A stolen concept fallacy does not have to look like a false dichotomy. Suppose someone comes right out and states that a certain igneous rock is evil. Such a statement is fallacious, but it exhibits the [fallacy of taking one or more ConceptsOutOfContext] (the concept of "evil" does not apply to rocks), not the FalseDichotomy fallacy (there is no "dichotomy" in a statement to the effect that a rock is evil; nor is there in the statement that the sun is unearned).

On the other hand, some might say that the statement "the igneous rock is evil" is not fallacious, it is simply false. My contention, though, is that the statement makes no sense, because it is taking a concept out of context. [Implication:] A statement that doesn't make any sense can't be evaluated; it is neither true nor false. [Reason for that implication:] The concepts of "true" and "false" do not apply to things that are not logical propositions. To argue otherwise would be to take "true" and "false" out of their contexts!
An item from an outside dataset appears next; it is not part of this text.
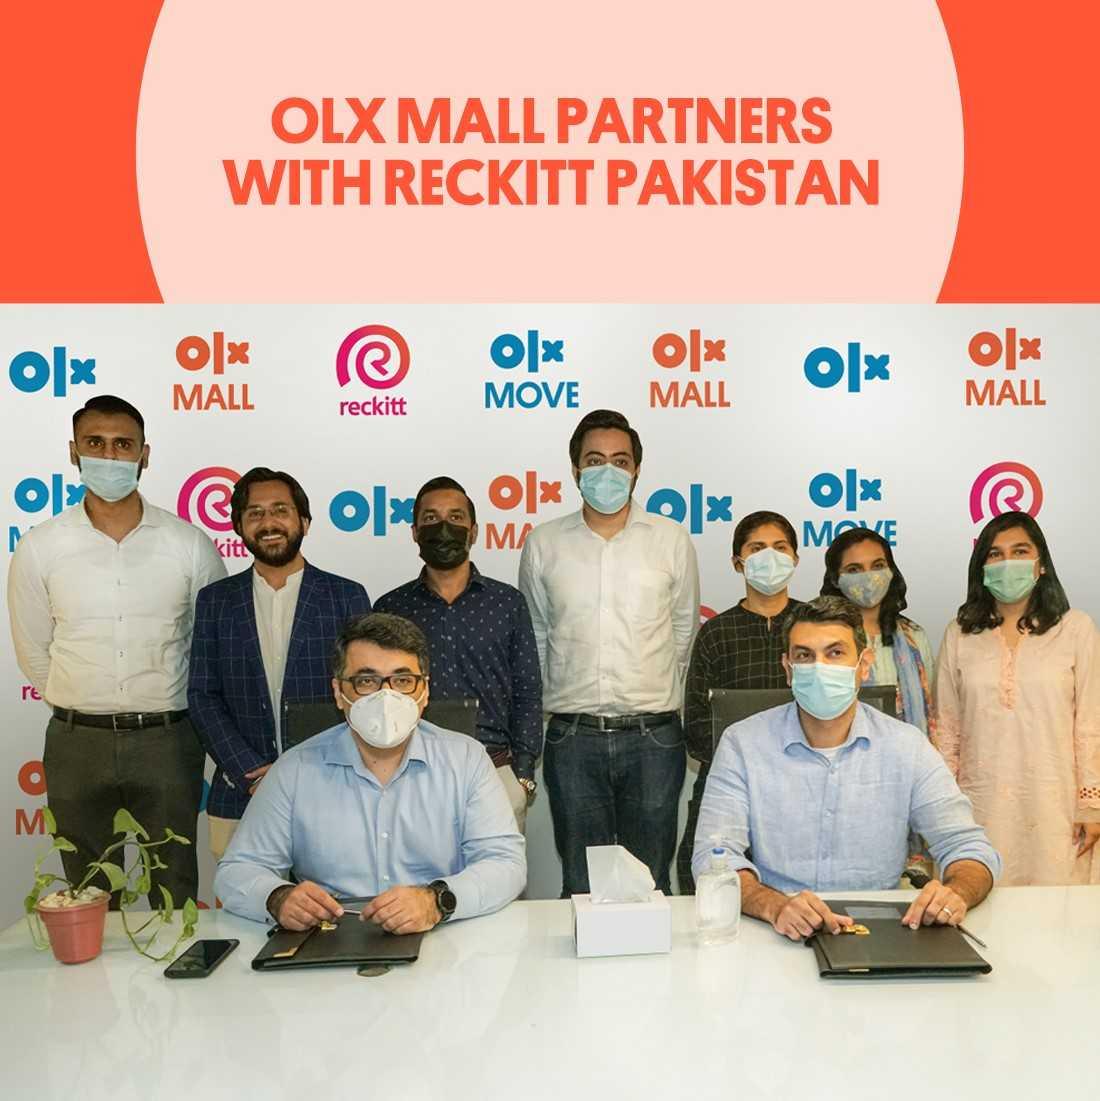 OLX Mall Partners with Reckitt Pakistan
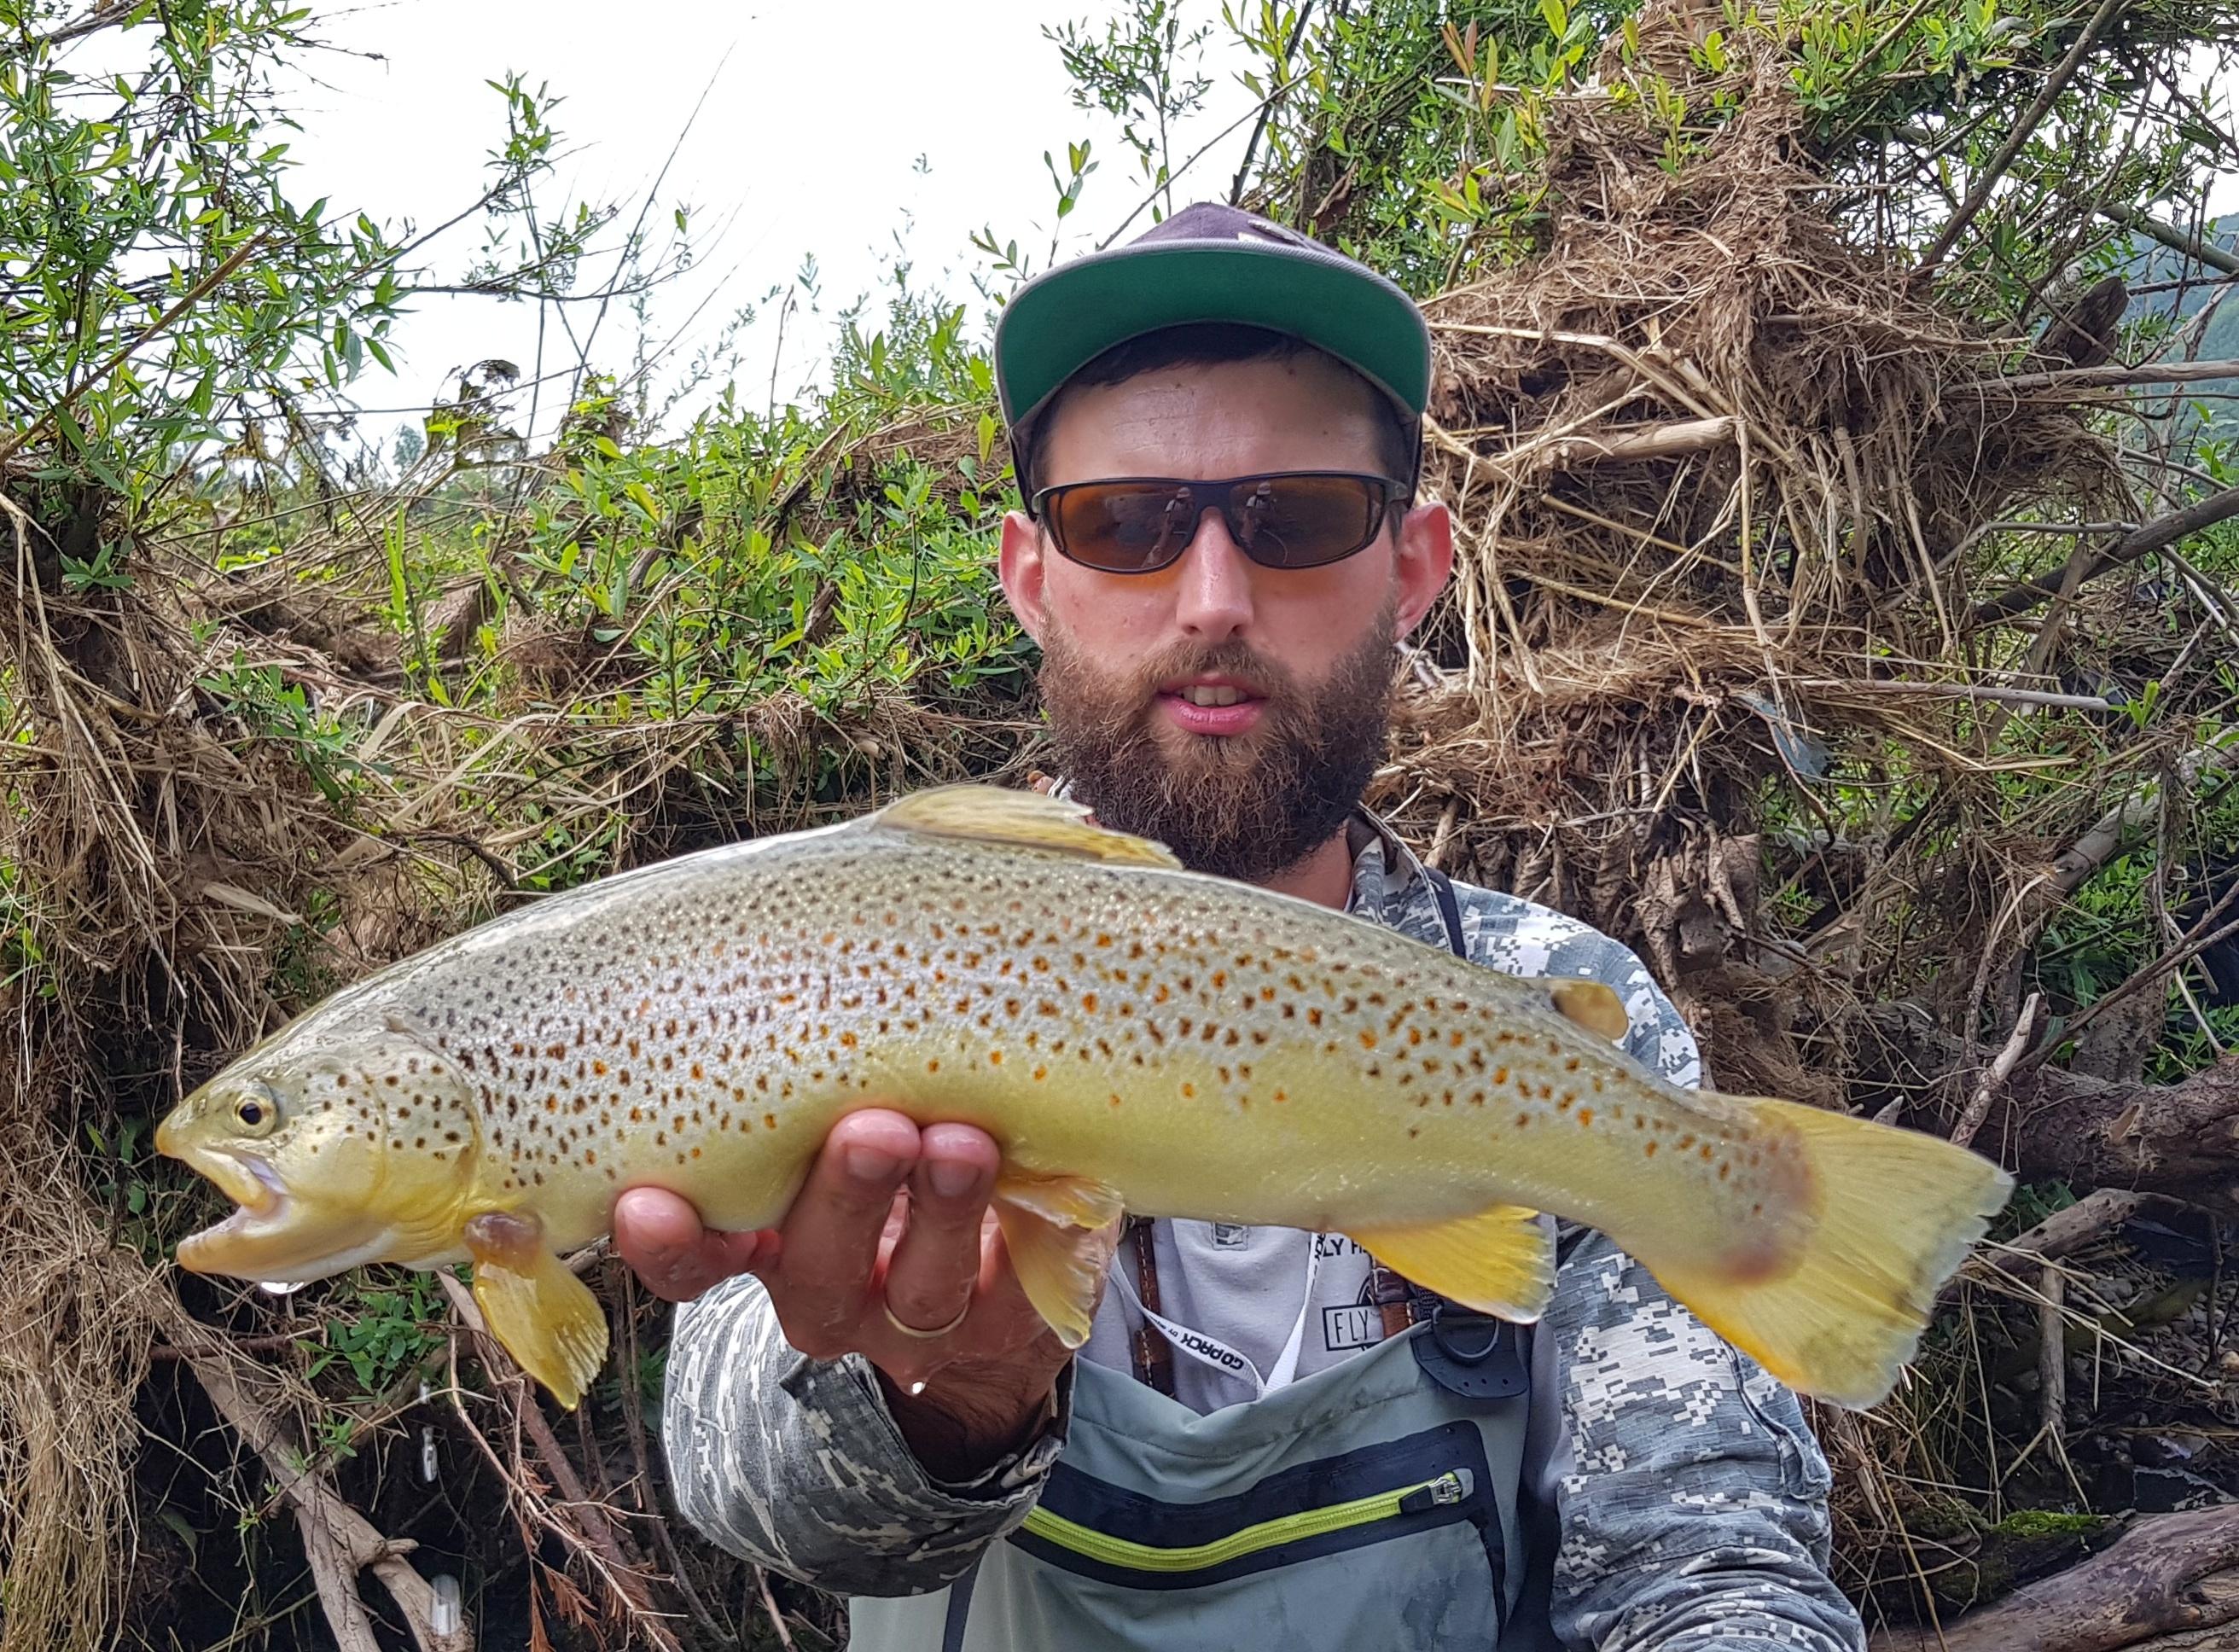 Bialka River - No kill zone & fat trout

To state that "the rock is not evil" would be misleading if the context might allow one to conclude that the rock might therefore be "good." For absolute clarity and precision, it is best to refute the fallacy by saying "the rock is neither good nor evil." -- EdwardKiser

If I made a list of all evil things, rocks wouldn't be on it; therefore they are not evil. At least that makes sense to me...

But you are not omniscient; you cannot make a list of all evil things. You can only make a list of all the evil things you have ever seen or heard of. What if something comes along that you have never seen before and never heard of? How will you know whether it is evil?

A concept is more than a list of its instances; it is also a descendant of a superclass. When you see an object you've never seen before, you will start at "existent" and walk right down your class hierarchy to classify it. (The object, seen in different respects, might be able to be walked down the hierarchy in more than one way.) The context is the class's superclass.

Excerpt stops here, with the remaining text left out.